Раскольников вздрогнул всем телом, так что Порфирий Петрович
слишком ясно заметил это.
– Лжете вы все! – вскричал он, – я не знаю ваших целей, но
вы все лжете… Давеча вы не в этом смысле говорили, и ошибиться нельзя мне… Вы
лжете!
– Я лгу? – подхватил Порфирий, по-видимому горячась, но
сохраняя самый веселый и насмешливый вид и, кажется, нимало не тревожась тем,
какое мнение имеет о нем г-н Раскольников. – Я лгу?.. Ну, а как я с вами давеча
поступил (я-то, следователь), сам вам подсказывая и выдавая все средства к
защите, сам же вам всю эту психологию подводя: «Болезнь, дескать, бред,
разобижен был; меланхолия да квартальные», и все это прочее? А? хе-хе-хе! Хотя
оно, впрочем, – кстати скажу, – все эти психологические средства к защите,
отговорки да увертки крайне несостоятельны, да и о двух концах: «Болезнь,
дескать, бред, грезы, мерещилось, не помню», все это так-с, да зачем же,
батюшка, в болезни-то да в бреду все такие именно грезы мерещутся, а не прочие?
Могли ведь быть и прочие-с? Так ли? Хе-хе-хе-хе!
Раскольников гордо и с презрением посмотрел на него.
– Одним словом, – настойчиво и громко сказал он, вставая и
немного оттолкнув при этом Порфирия, – одним словом, я хочу знать: признаете ли
вы меня окончательно свободным от подозрений или нет? Говорите, Порфирий
Петрович, говорите положительно и окончательно, и скорее, сейчас!

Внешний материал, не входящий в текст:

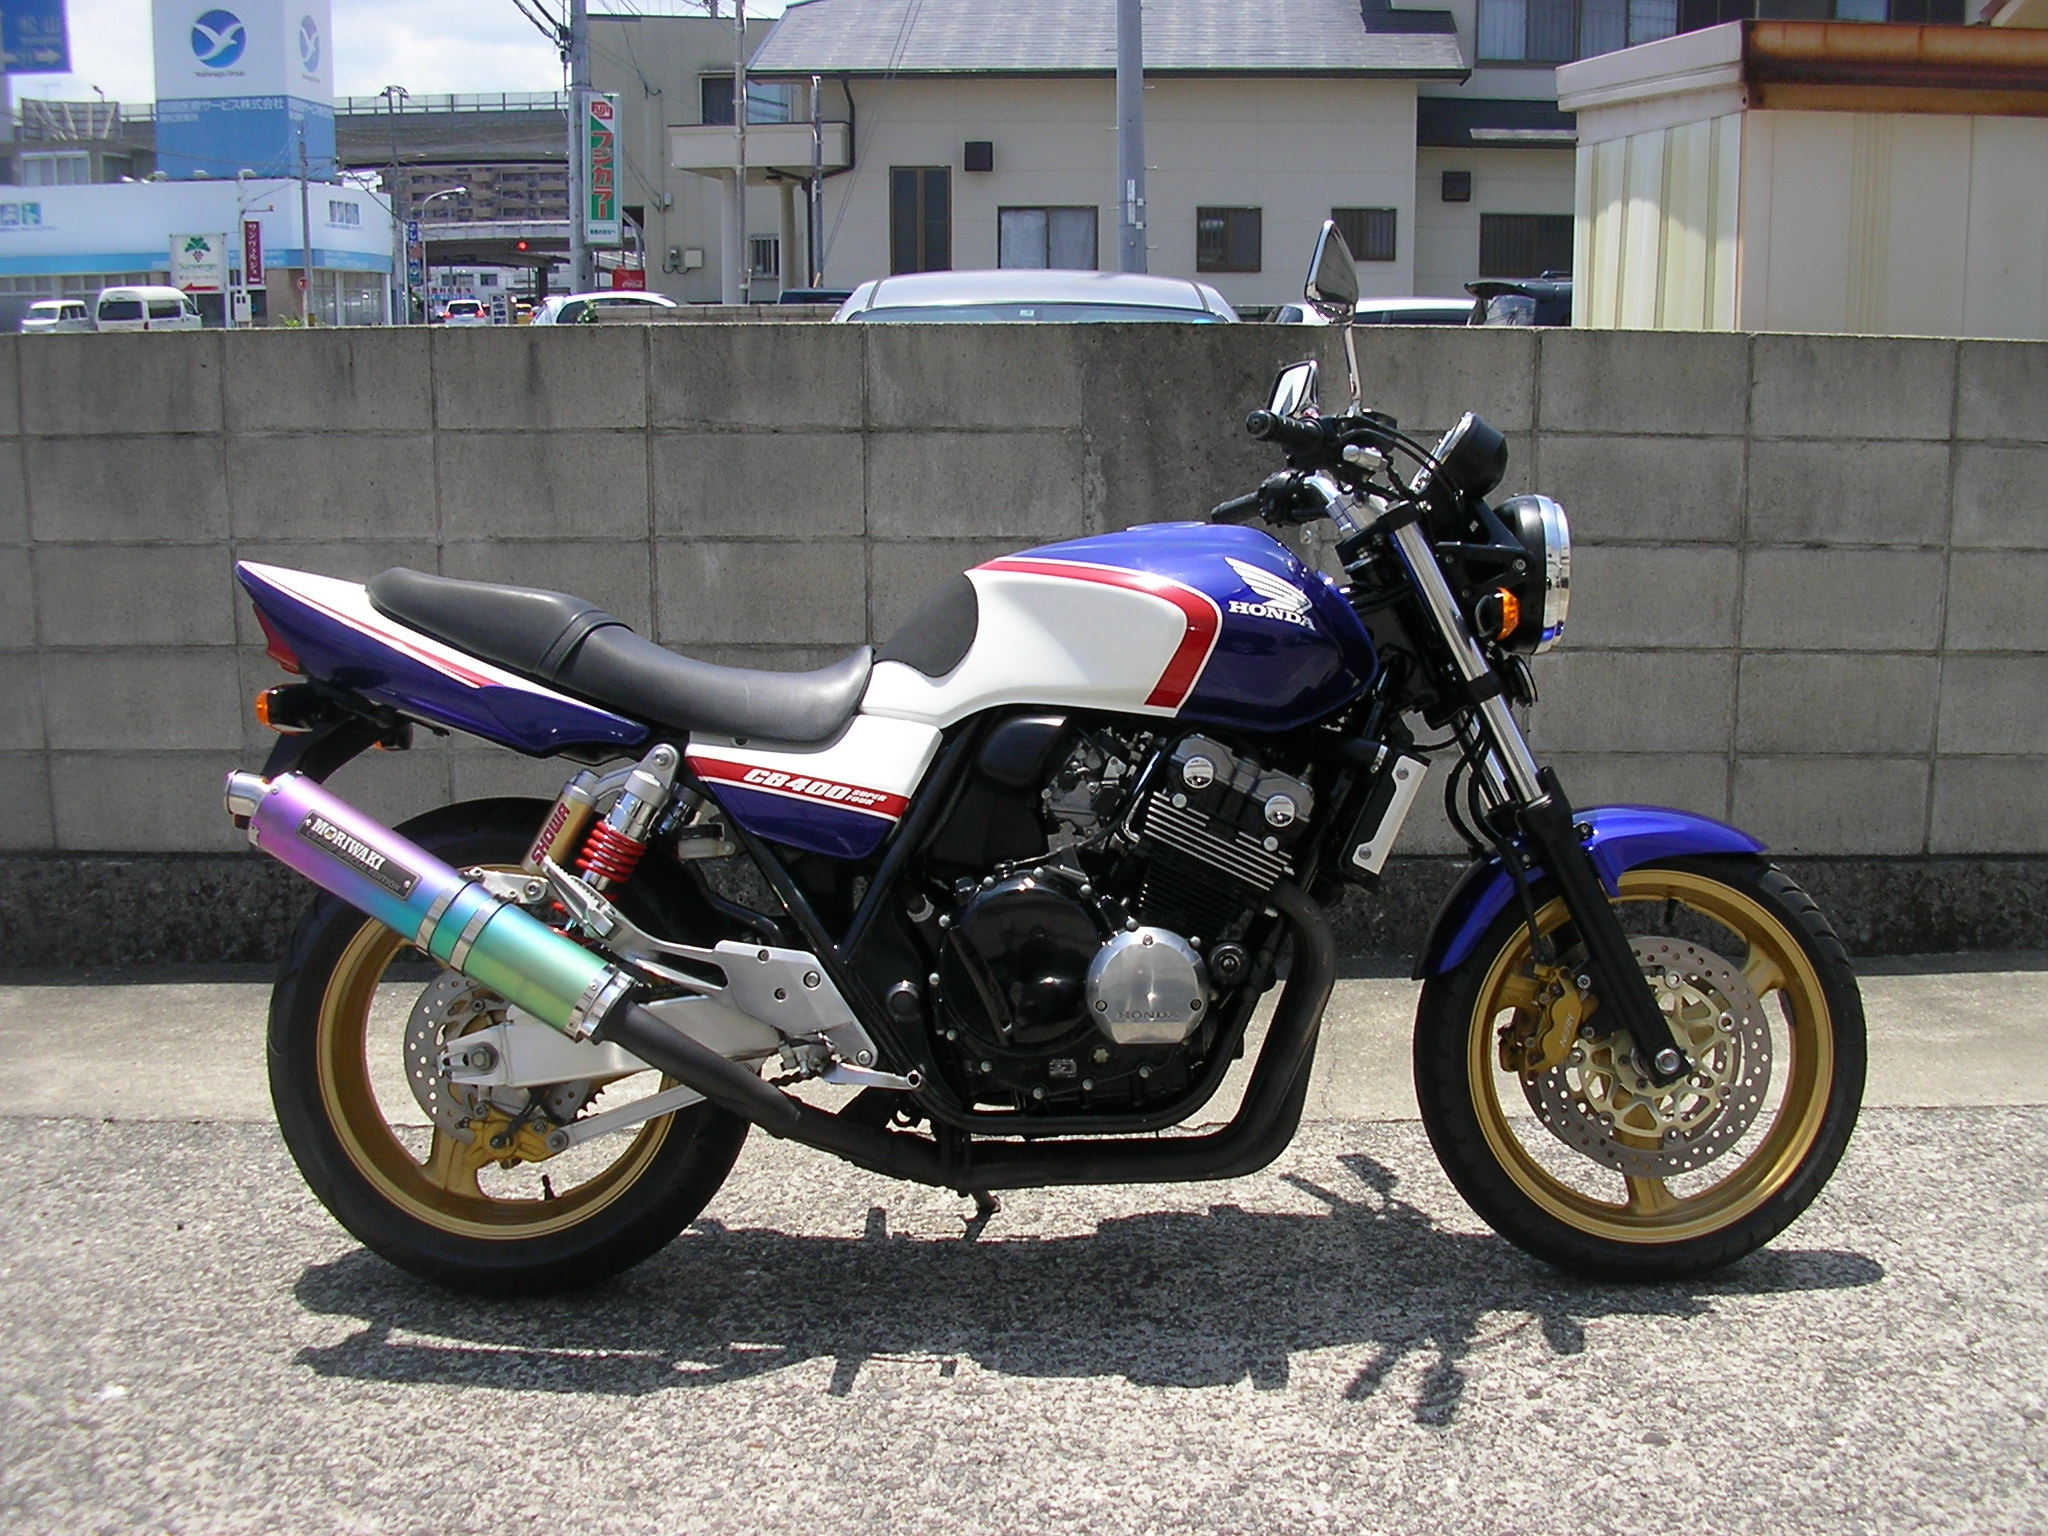 CB400SF VTEC2 (FC-000)
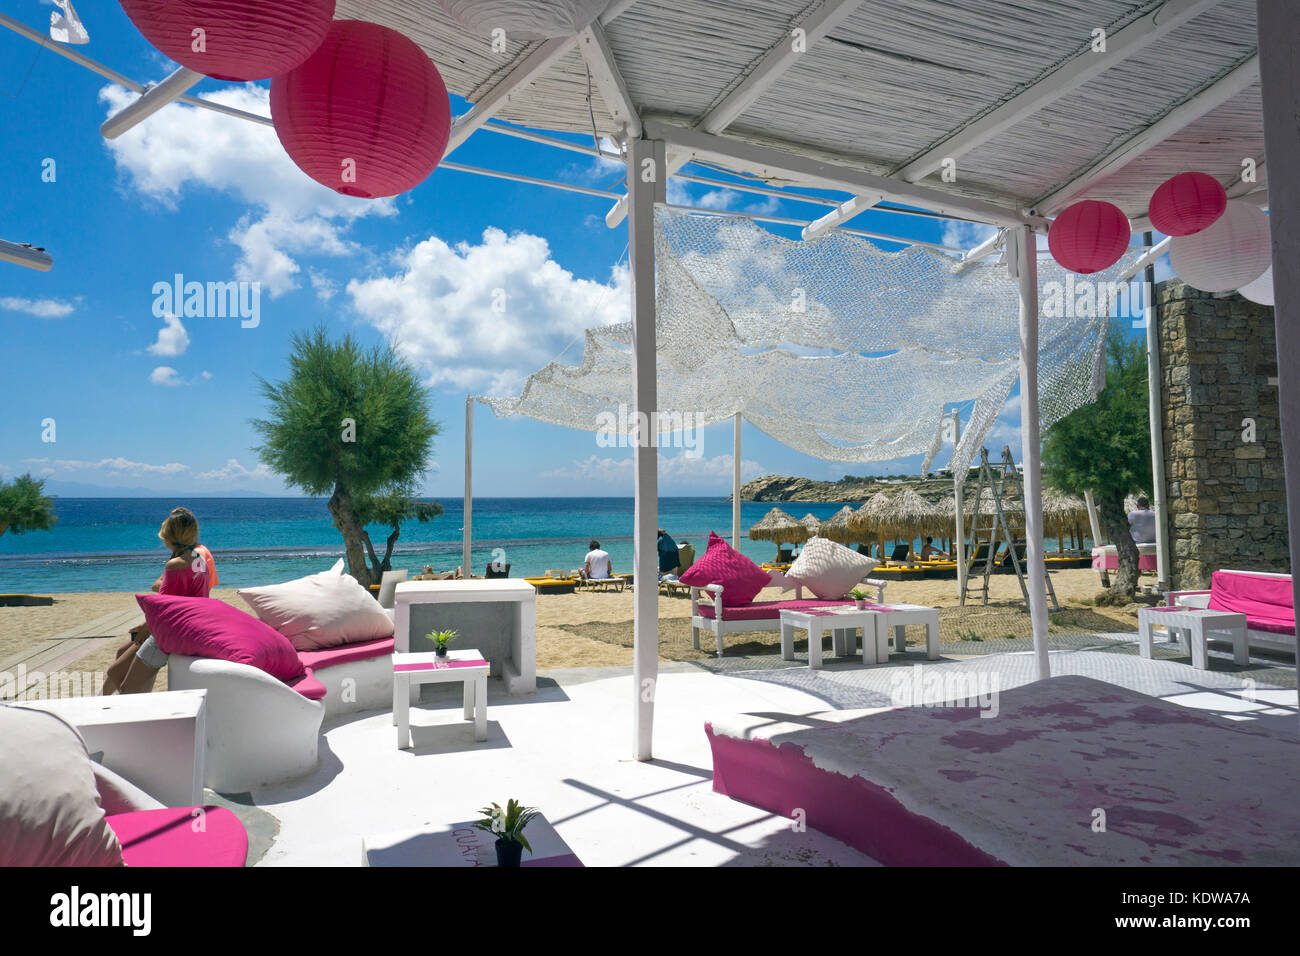 Tourists at beach bar, Paradise beach, Mykonos - Stock Image

– Эк ведь комиссия! Ну, уж комиссия же с вами, – вскричал
Порфирий с совершенно веселым, лукавым и нисколько не встревоженным видом. – Да
и к чему вам знать, к чему вам так много знать, коли вас еще и не начинали
беспокоить нисколько! Ведь вы как ребенок: дай да подай огонь в руки! И зачем
вы так беспокоитесь? Зачем сами-то вы так к нам напрашиваетесь, из каких
причин? А? хе-хе-хе!
– Повторяю вам, – вскричал в ярости Раскольников, – что не
могу дольше переносить…
– Чего-с? Неизвестности-то? – перебил Порфирий.
– Не язвите меня! Я не хочу!.. Говорю вам, что не хочу!.. Не
могу и не хочу!.. Слышите! Слышите! – крикнул он, стукнув опять кулаком по
столу.
– Да тише же, тише! Ведь услышат! серьезно предупреждаю:
поберегите себя. Я не шучу-с! – проговорил шепотом Порфирий, но на этот раз в
лице его уже не было давешнего бабьи-добродушного и испуганного выражения;
напротив, теперь он прямо приказывал, строго, нахмурив брови и как будто разом
нарушая все тайны и двусмысленности. Но это было только на мгновение. Озадаченный
было Раскольников вдруг впал в настоящее исступление; но странно: он опять
послушался приказания говорить тише, хотя и был в самом сильном пароксизме
бешенства.
– Я не дам себя мучить, – зашептал он вдруг по-давешнему, с
болью и с ненавистию мгновенно сознавая в себе, что не может не подчиниться
приказанию, и приходя от этой мысли еще в большее бешенство, – арестуйте меня,
обыскивайте меня, но извольте действовать по форме, а не играть со мной-с! Не
смейте…
– Да не беспокойтесь же о форме, – перебил Порфирий с
прежнею лукавою усмешкой и как бы даже с наслаждением любуясь Раскольниковым, –
я вас, батюшка, пригласил теперь по-домашнему, совершенно этак по-дружески!
– Не хочу я вашей дружбы и плюю на нее! Слышите ли? И вот
же: беру фуражку и иду. Ну-тка, что теперь скажешь, коли намерен арестовать?
Он схватил фуражку и пошел к дверям.
– А сюрпризик-то не хотите разве посмотреть? – захихикал
Порфирий, опять схватывая его немного повыше локтя и останавливая у дверей. Он,
видимо, становился все веселее и игривее, что окончательно выводило из себя
Раскольникова.
– Какой сюрпризик? что такое? – спросил он, вдруг
останавливаясь и с испугом смотря на Порфирия.
– Сюрпризик-с, вот тут, за дверью у меня сидит, хе-хе-хе!
(Он указал пальцем на запертую дверь в перегородке, которая вела в казенную
квартиру его.) – Я и на замок припер, чтобы не убежал.
– Что такое? где? что?.. – Раскольников подошел было к двери
и хотел отворить, но она была заперта.
– Заперта-с, вот и ключ!
И в самом деле, он показал ему ключ, вынув из кармана.
– Лжешь ты все! – завопил Раскольников, уже не удерживаясь,
– лжешь, полишинель
[58]
проклятый! – и бросился на ретировавшегося к дверям, но
нисколько не струсившего Порфирия.
– Я все, все понимаю! – подскочил он к нему. – Ты лжешь и
дразнишь меня, чтоб я себя выдал…
– Да уж больше и нельзя себя выдать, батюшка Родион
Романович. Ведь вы в исступление пришли. Не кричите, ведь я людей позову-с!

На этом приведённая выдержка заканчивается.